Descriptions, Reviews, Etc.
Publisher Description:
In Reviewing the Covenant, six Jewish philosophers--and one Christian colleague--respond to the work of the renowned Jewish theologian Eugene B. Borowitz, one of the leading figures in the movement of "postmodern" Jewish philosophy and theology. The title recalls Borowitz's earlier book, Renewing the Covenant: A Theology for the Postmodern Jew, in which he lent this movement a theological agenda, and the essays in this book respond to Borowitz's call: to revitalize contemporary Judaism by renewing the covenant that binds modern Jews to re-live and re-interpret the traditions of Judaism's past.

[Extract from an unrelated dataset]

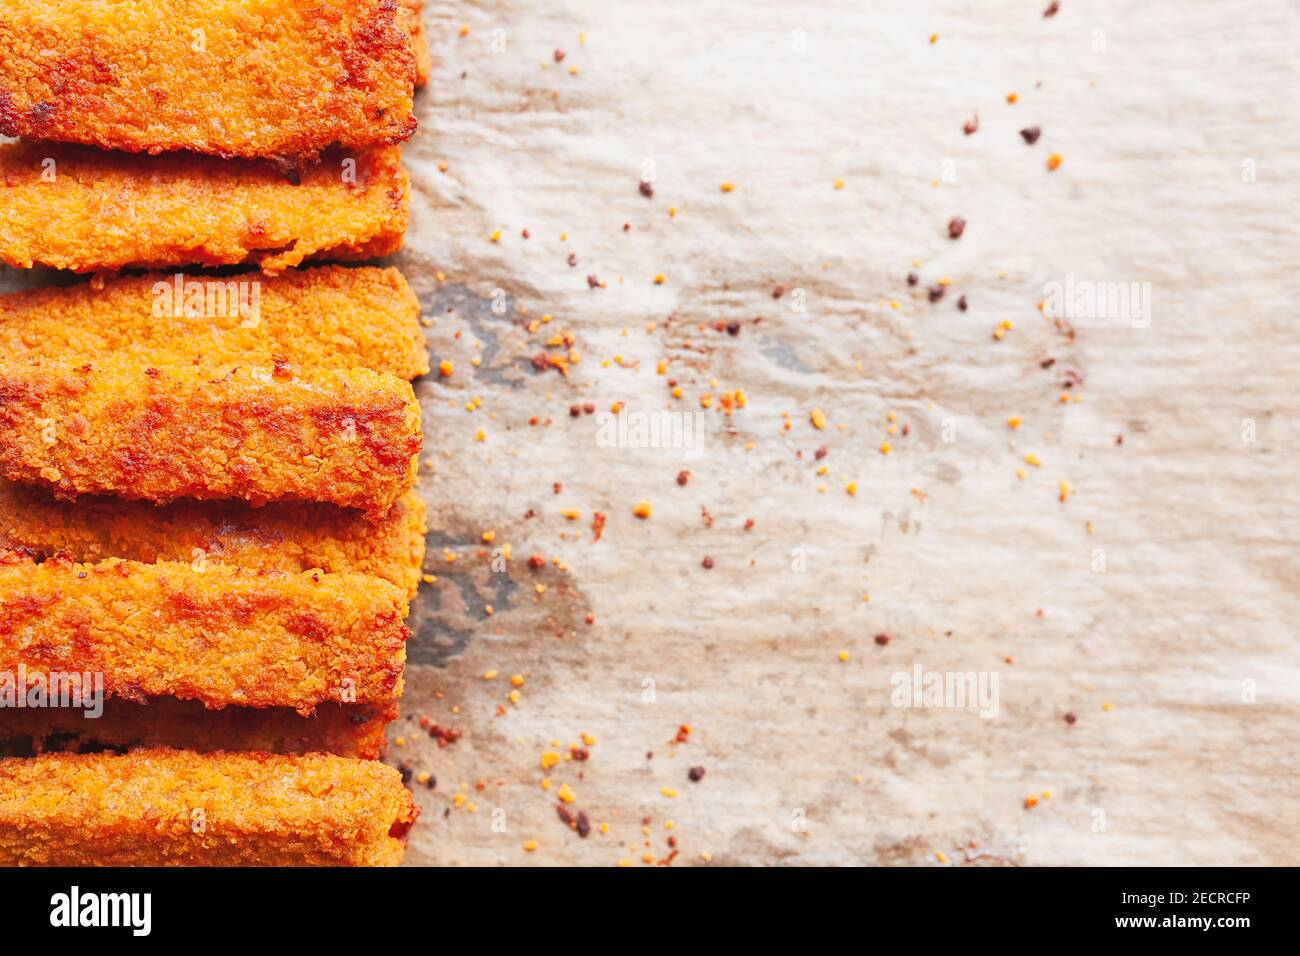 Deep fried fish fingers on greasy parchment paper and some crumbs, copy space on right side Stock Photo

Together with the introductory and responsive essays by Peter Ochs and Borowitz himself, the essays offer a community of dialogue, an attempt to reason-out how Jewish faith is possible after the Holocaust and how reason itself is possible after the failings of the great "-isms" of the modern world. This dialogue is conducted under the banner of "postmodern Judaism," a daunting term that by the end of the book receives a surprisingly direct meaning, namely, the condition of disillusionment and loss out of which Jews can and must find a third way out of the modern impasse between arrogant rationalism and arrogant religion. Representing a major intellectual response to the leading theologian of liberal Judaism, the book provides a significant indication of future directions in Jewish religious thought.

Contributors include Eugene B. Borowitz, Yudit Kornberg Greenberg, Susan Handelman, David Novak, Peter Ochs, Thomas W. Ogletree, Norbert M. Samuelson, and Edith Wyschogrod.